INSTRUCTIONS TO FOLLOW:
Nothing outside the range is wanted. Repeat exactly the lines below from the one with "Bastide e gole dell'Aveyron" through the one with "Рубашка лапша. Футболка".

EXTRACTED INFORMATION:
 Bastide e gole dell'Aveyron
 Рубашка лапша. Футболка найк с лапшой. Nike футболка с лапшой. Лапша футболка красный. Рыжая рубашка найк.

...

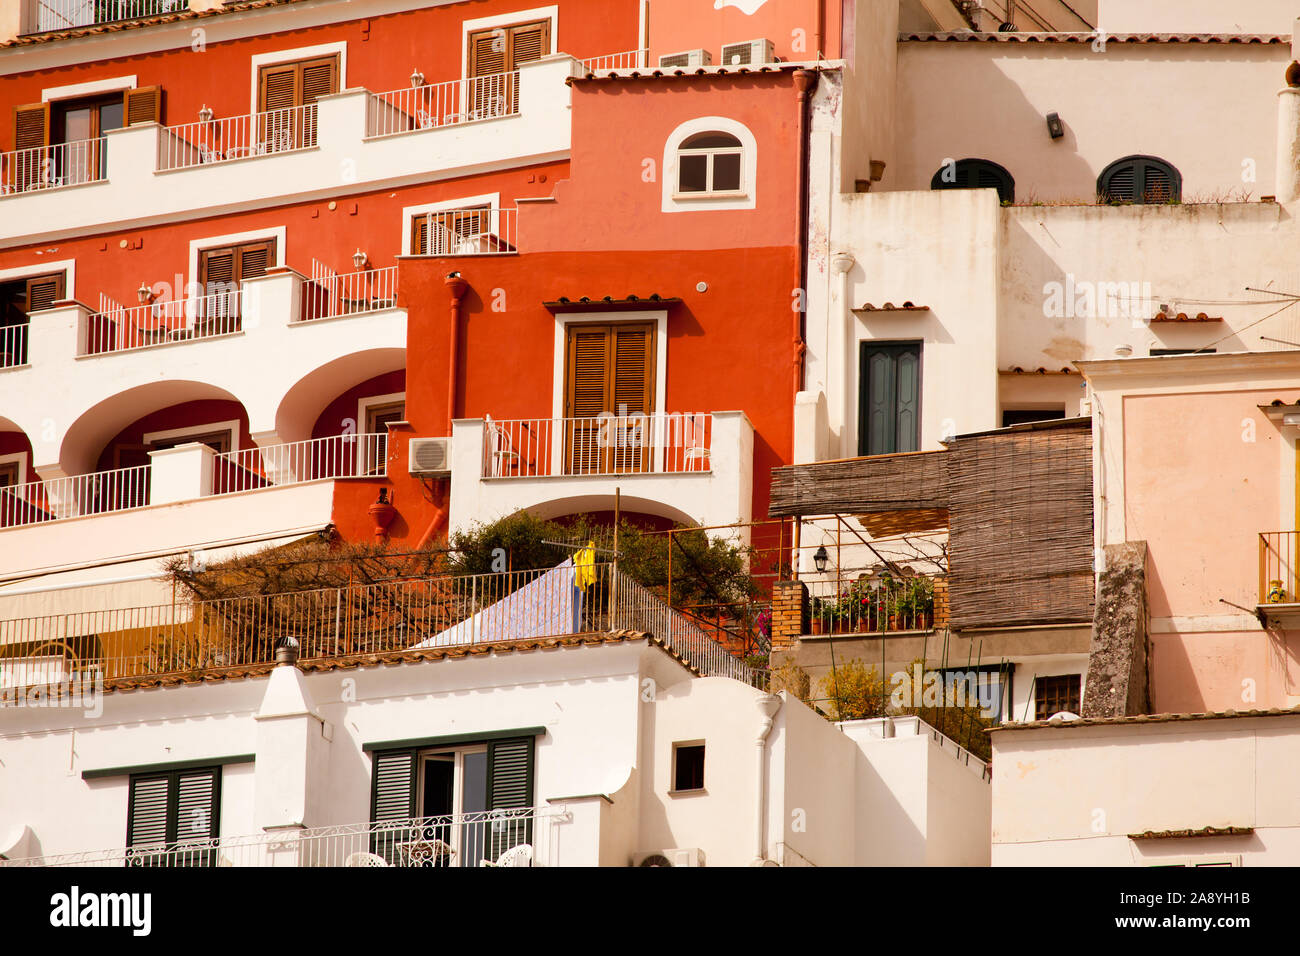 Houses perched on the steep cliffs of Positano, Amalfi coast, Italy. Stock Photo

REPLY TO THE TASK:
 Bastide e gole dell'Aveyron
 Рубашка лапша. Футболка найк с лапшой. Nike футболка с лапшой. Лапша футболка красный. Рыжая рубашка найк.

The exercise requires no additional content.